BEGIN Supplied material

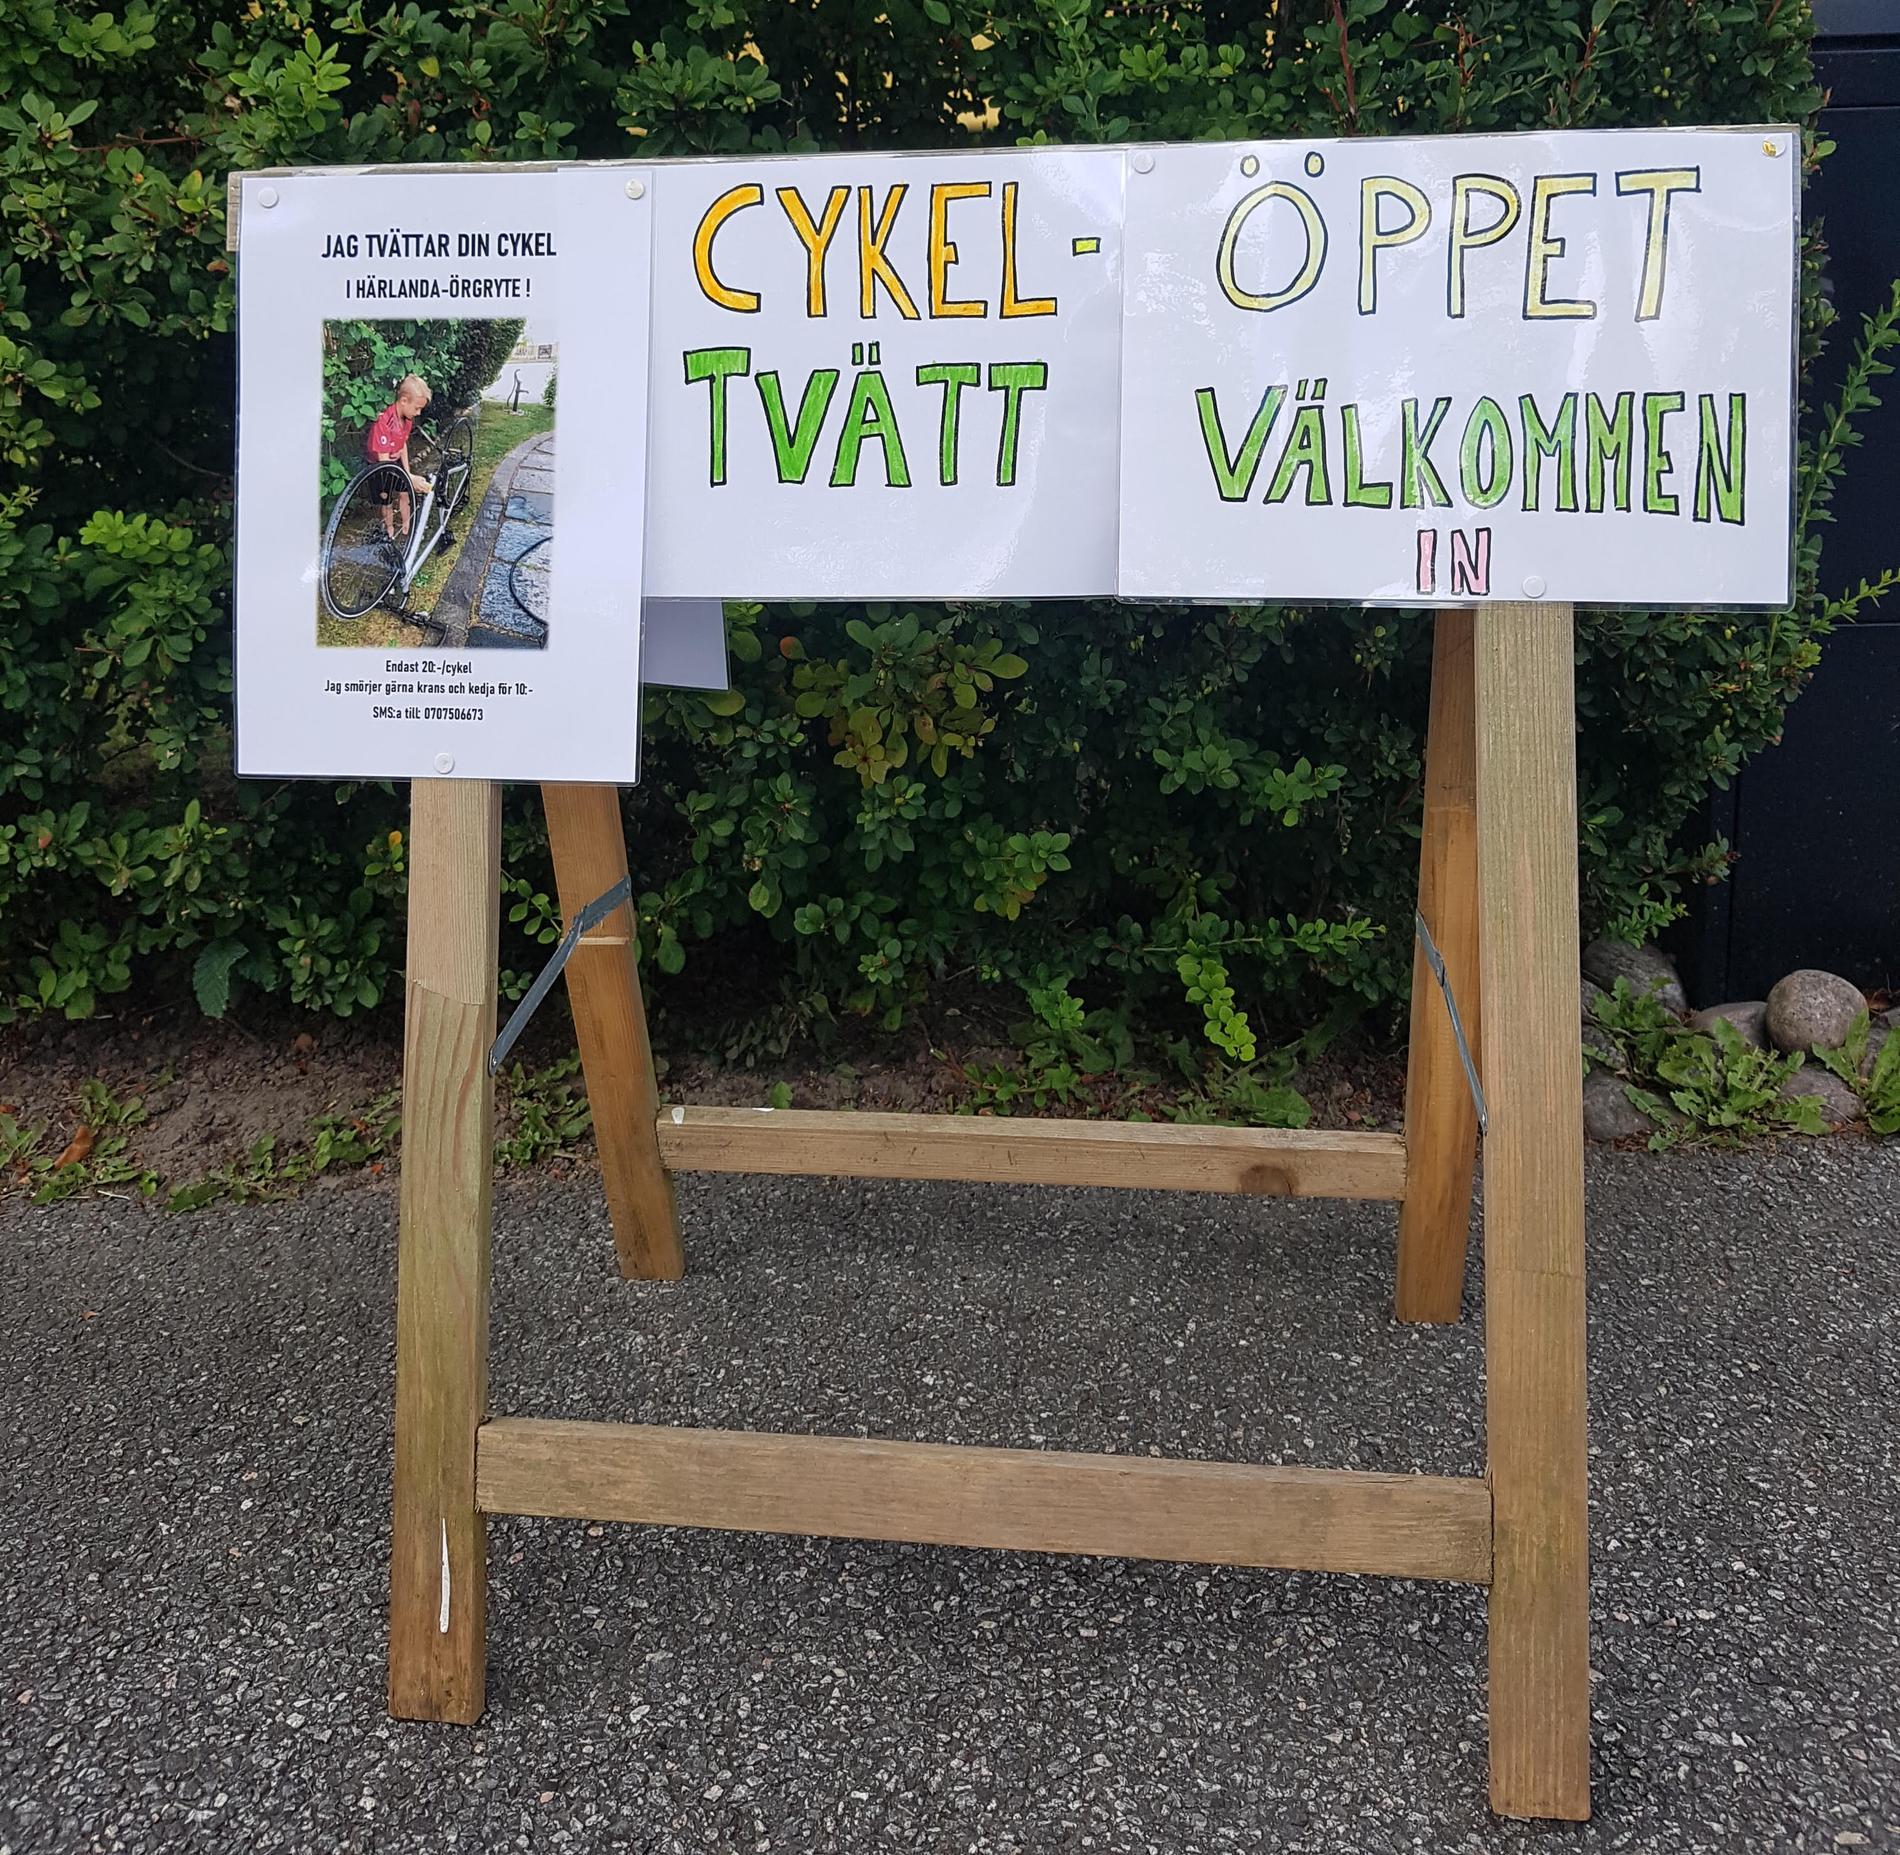 Oliver har satt upp skyltar och affischer i området där han bor.
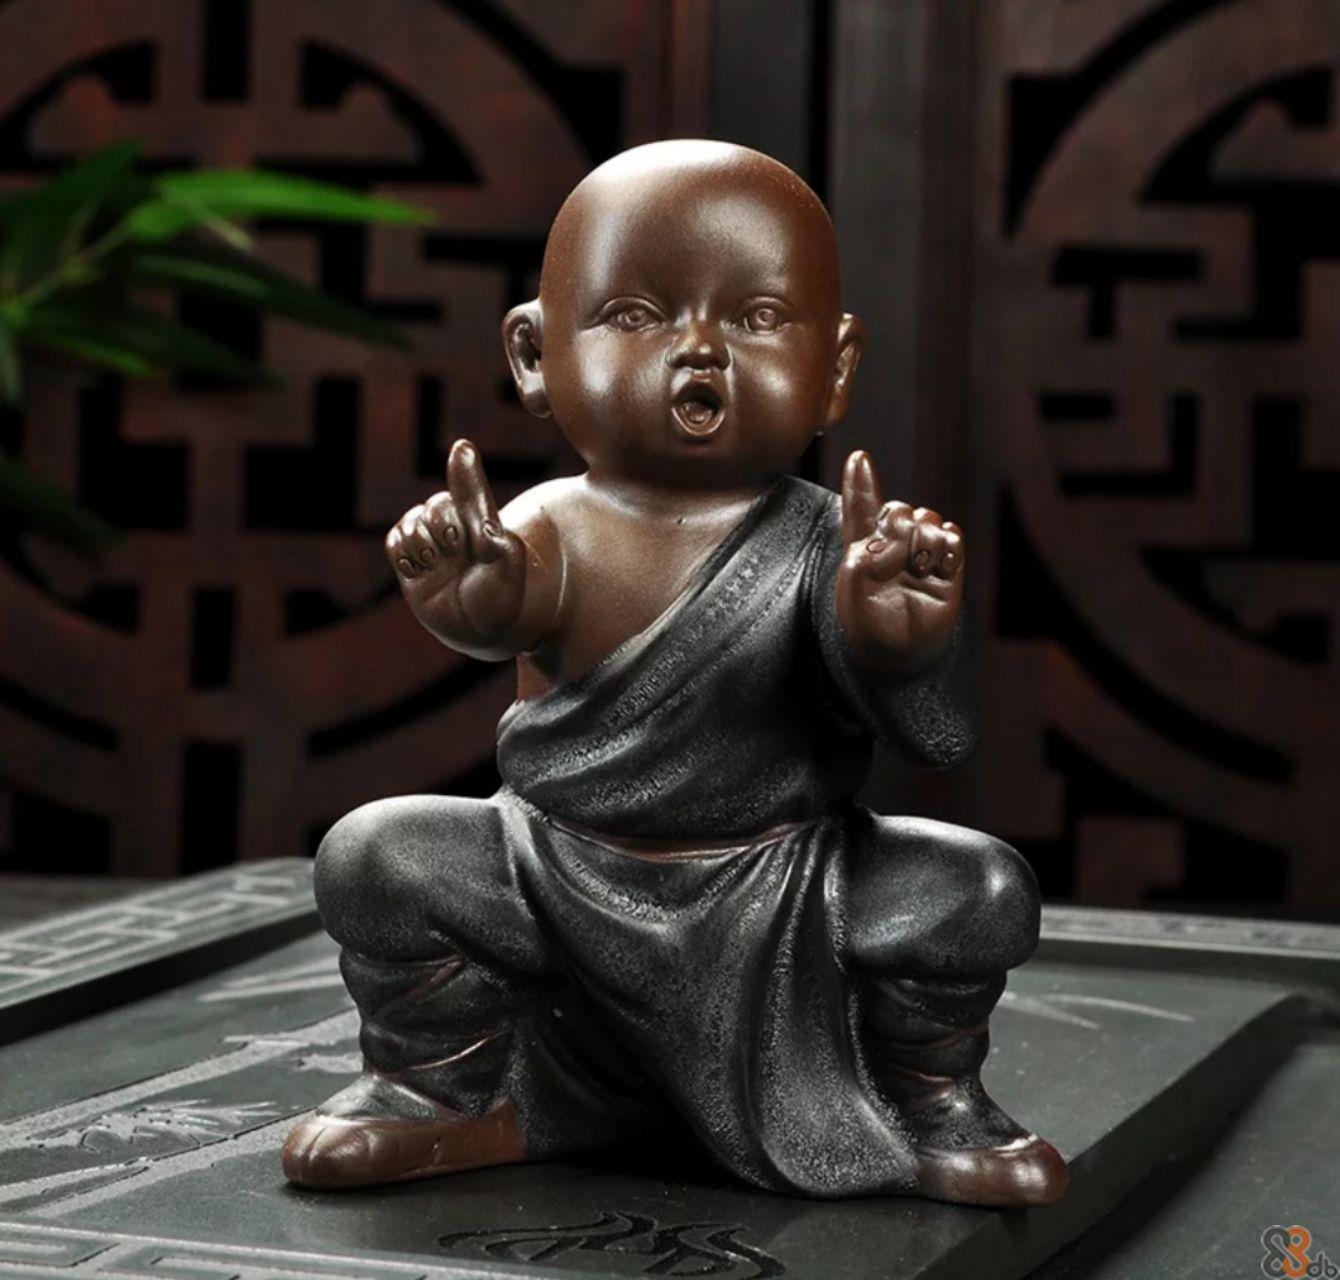 Statue,Sculpture,Figurine,Sitting,Monk
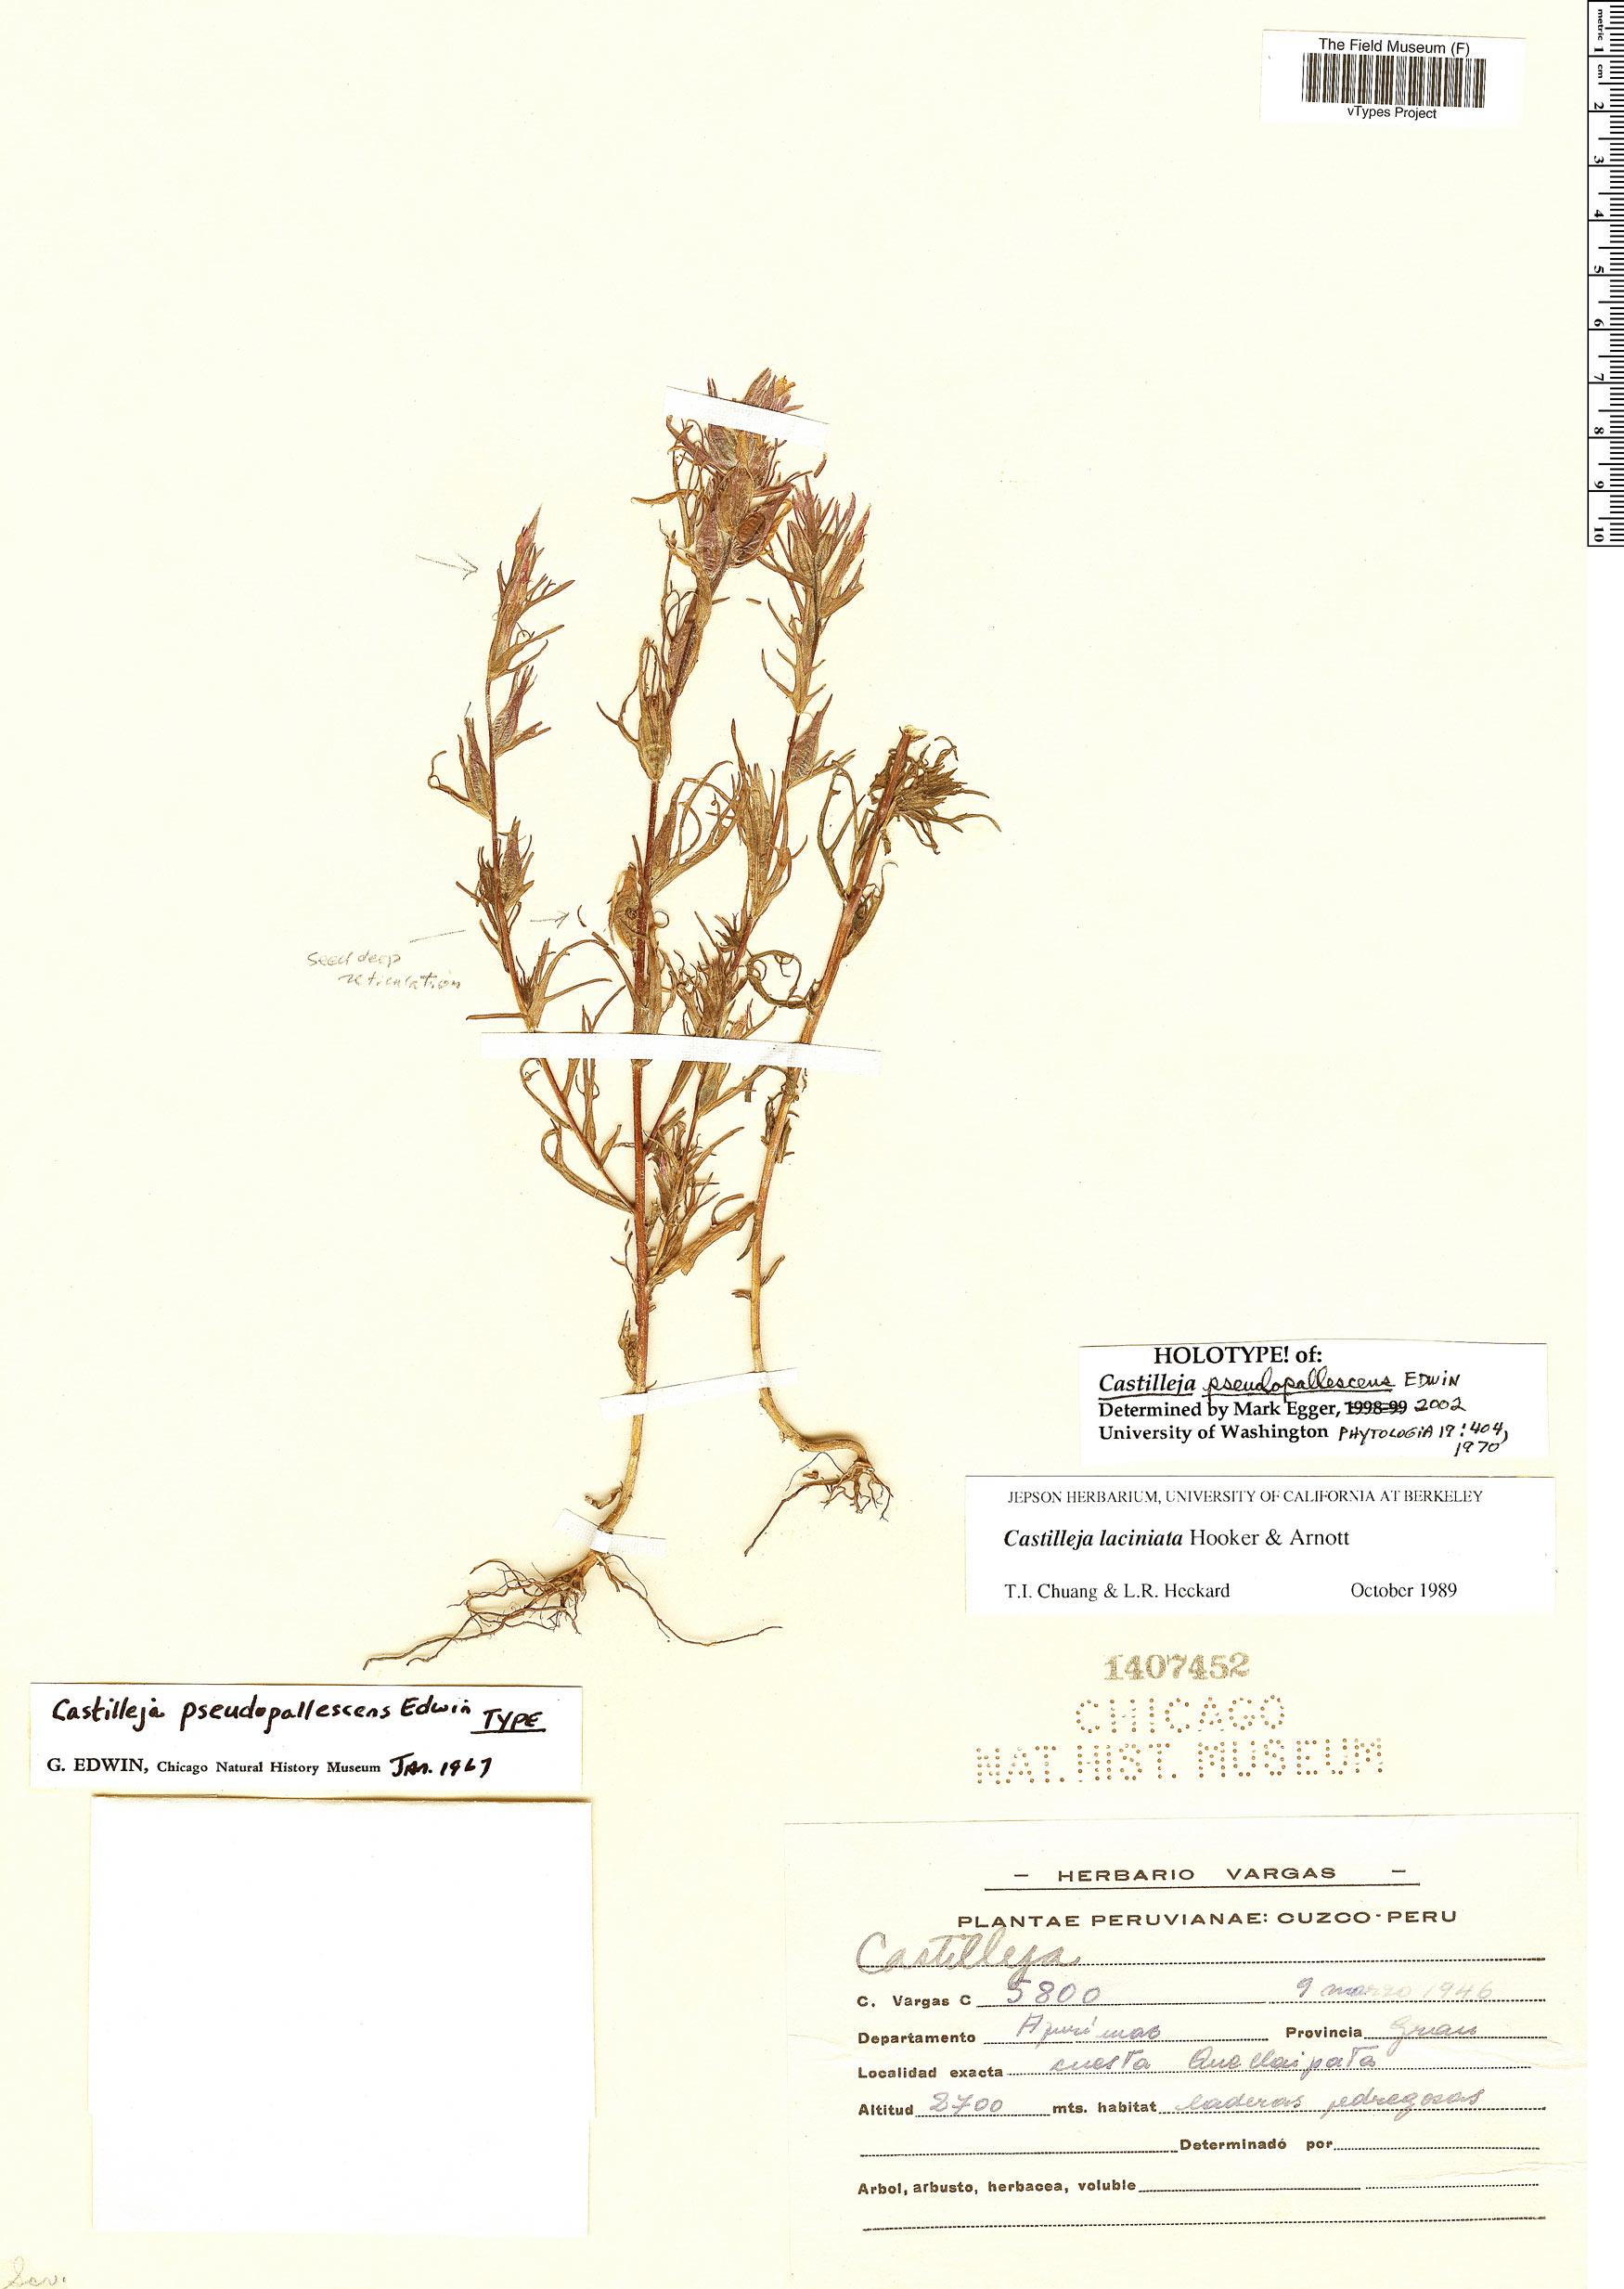 Specimen: Castilleja pseudopallescens

END Supplied material

What to do:
Write out the whole listing exactly as it appears, and omit the pictures.

Exercise solution:
 Oliver har satt upp skyltar och affischer i området där han bor.
 Statue,Sculpture,Figurine,Sitting,Monk
 Specimen: Castilleja pseudopallescens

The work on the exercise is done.